Students’ competencies have been comprehensively enhanced. With the empowerment of digital tools, the accuracy of differentiation recognition has improved, and teachers provide personalized guidance based on the “one student, one strategy” reports, leading to increased classroom focus and proactive participation among students with learning difficulties. All students can participate in interdisciplinary courses represented by “Jing Embroidery Imagination” and “Subway Research”. Students express satisfaction with personalized courses, and 90% of middle school teachers report that our students’ “independent inquiry and collaboration abilities exceed those of their peers”.

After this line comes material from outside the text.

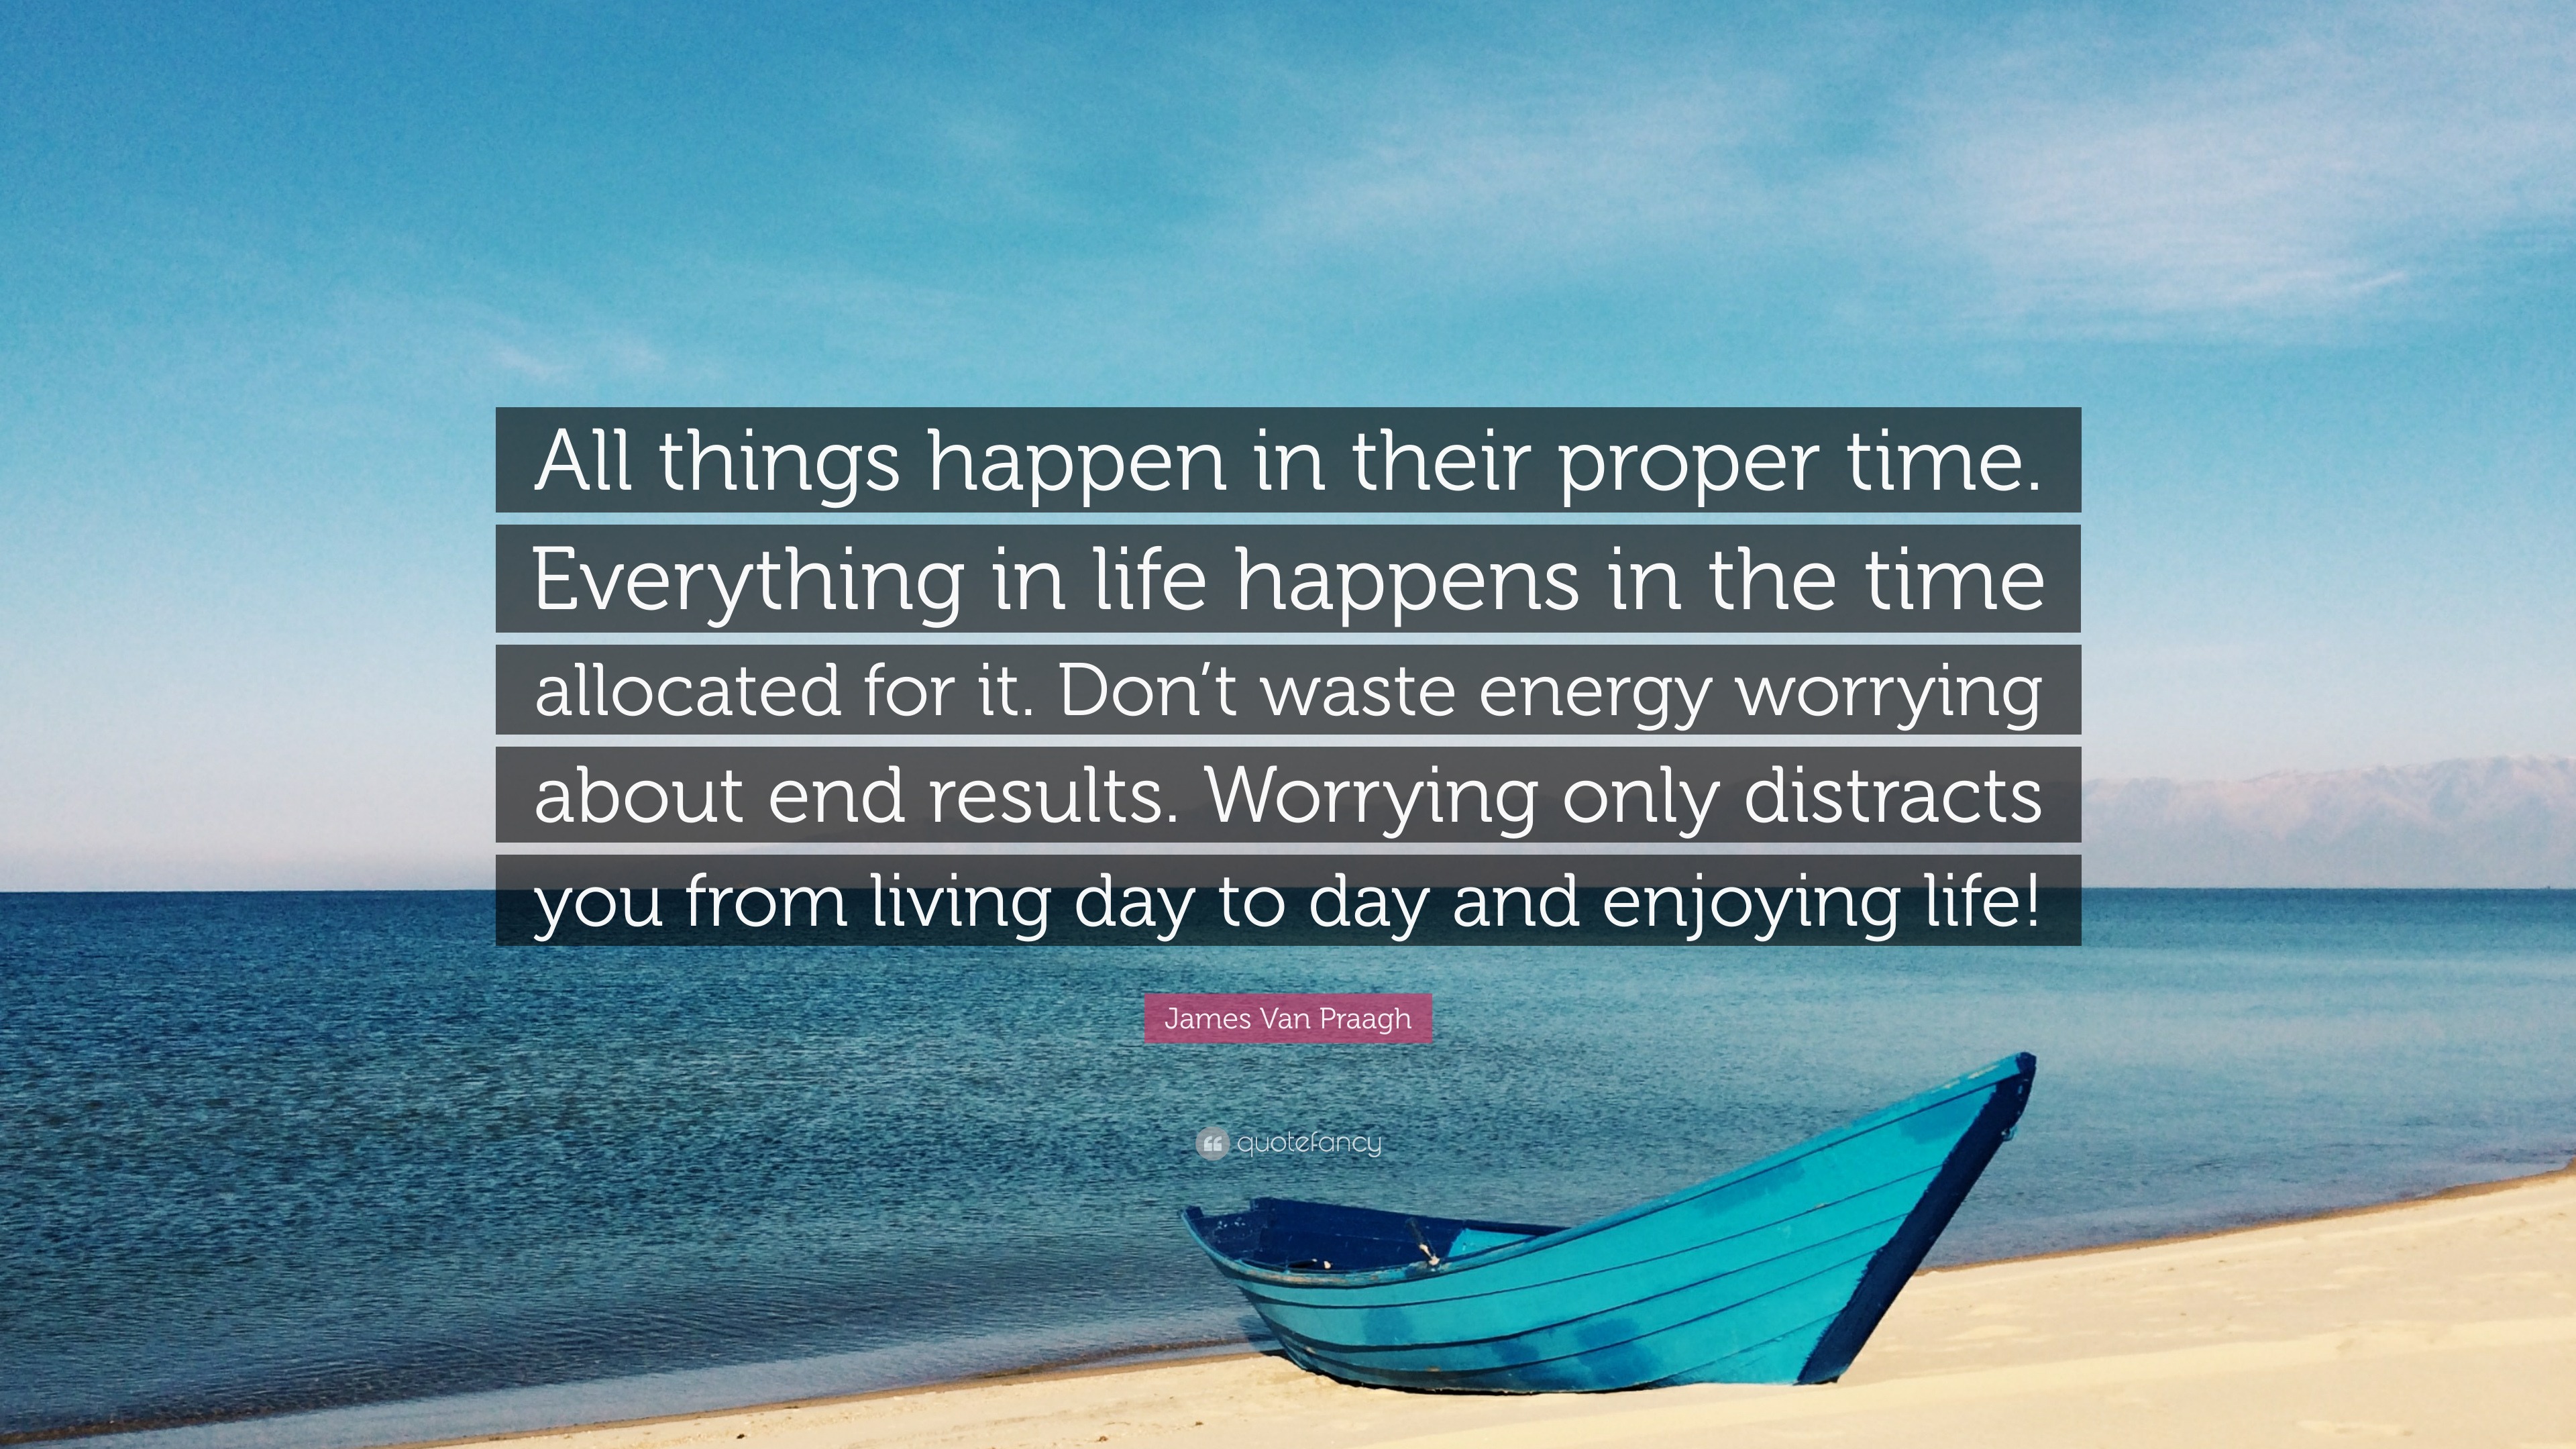 James Van Praagh Quote: “All things happen in proper time. Everything in life happens in the time allocated for it. Don't waste worr...”

The educational ecology continues to optimize. From the perspective of model innovation, the implementation paths of “Fertile Soil Curriculum” and “Digital Intelligence Empowerment” have been constructed, achieving deep integration of AI with the five educational aspects and differentiated growth. A closed loop of “data collection - intelligent analysis - precise intervention” has been established, developing seven types of digital intelligence courses and intelligent agents like “Huan Xiao Zhi”, improving the precision of differentiation recognition. A comprehensive digital evaluation model has been established, forming a complete chain of “process diagnosis - personalized feedback - developmental incentives”, effectively addressing the issue of score-centric evaluations.
AI provides a new empowering path for differentiated growth in primary school students. The school’s 13 years of practice demonstrate that through the comprehensive integration of curriculum system reconstruction, teaching model innovation, and evaluation system reform, many challenges in traditional primary education can be effectively addressed. In the future, the school will continue to adhere to the principle of “student-centered, technology-enabled” in AI education, exploring and innovating continuously to enable every student to achieve differentiated and high-quality growth in an AI-empowered educational ecology.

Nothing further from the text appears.